Physical scale modeling (PSM) is an experimental technology that has been used to evaluate and design shipboard impressed current cathodic protection (ICCP) systems by various researchers and designers. PSM is also a preferred tool for validating ICCP numerical modeling results, owing to the well-controlled conditions in PSM experiments. However, one issue in using PSM for the validation of numerical modeling results is the lack of information on the actual polarization behavior of the cathodes on a model hull during PSM experiments. Consequently, the polarization curve data used as boundary conditions in numerical modeling trials is usually different from the polarization behavior of the cathodes in PSM experiments. This difference can result in a discrepancy between the numerical modeling and the PSM results, which is difficult to separate from other numerical errors. A discrete area current control (DACC) technique was developed in a previous ICCP PSM study to simulate the polarization behavior of a propeller material under various conditions.
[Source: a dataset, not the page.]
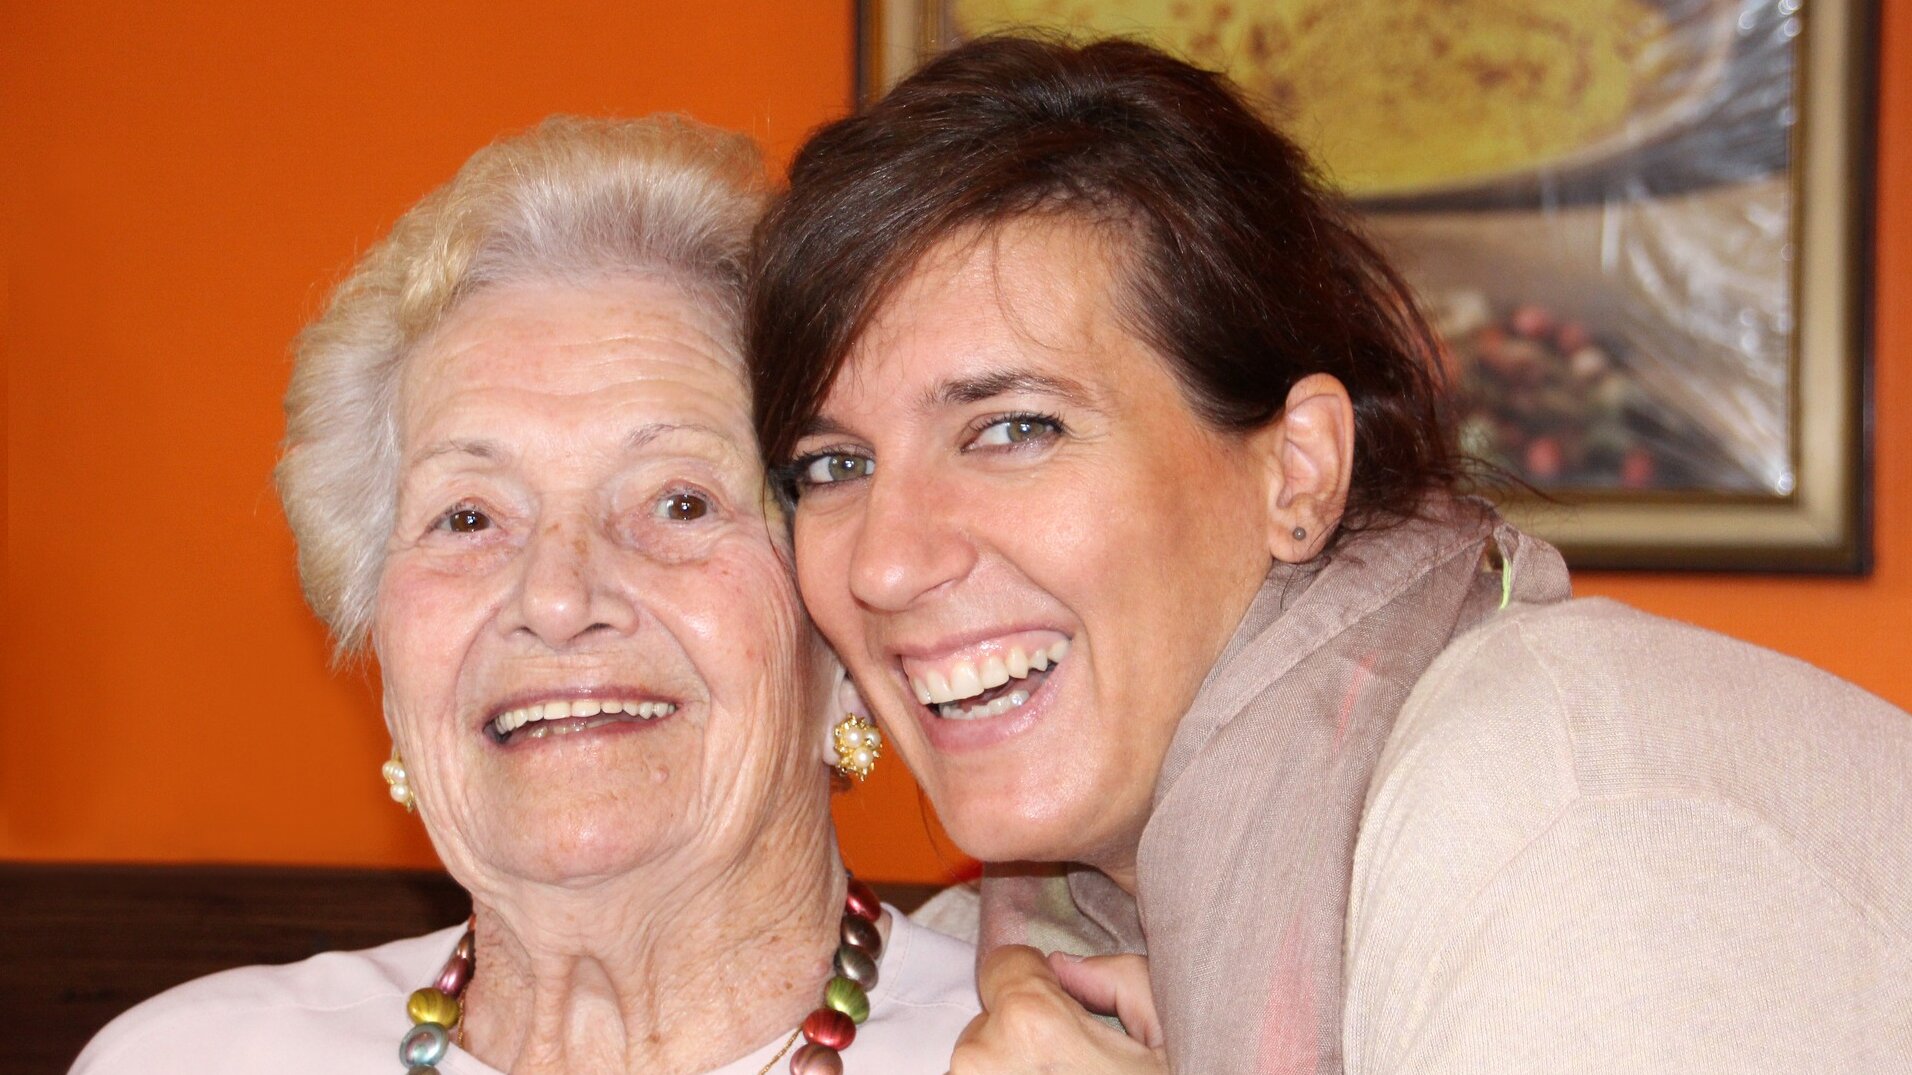 Auf dem Foto sieht man eine ältere und eine jüngere Frau im Porträt

The present study extended the DACC technique to simulate the polarization curve behavior of four discrete cathodes representing one nickel aluminum bronze (NAB) propeller and three discrete steel patches. This study also demonstrated that use of the DACC technique can ensure that both PSM and numerical modeling studies use identical polarization curve relationships as boundary conditions. The technique facilitates the use of the PSM results for comparison with numerical modeling results. The comparison study showed good agreement between the PSM results and numerical modeling results, in both simulated static and dynamic flow conditions.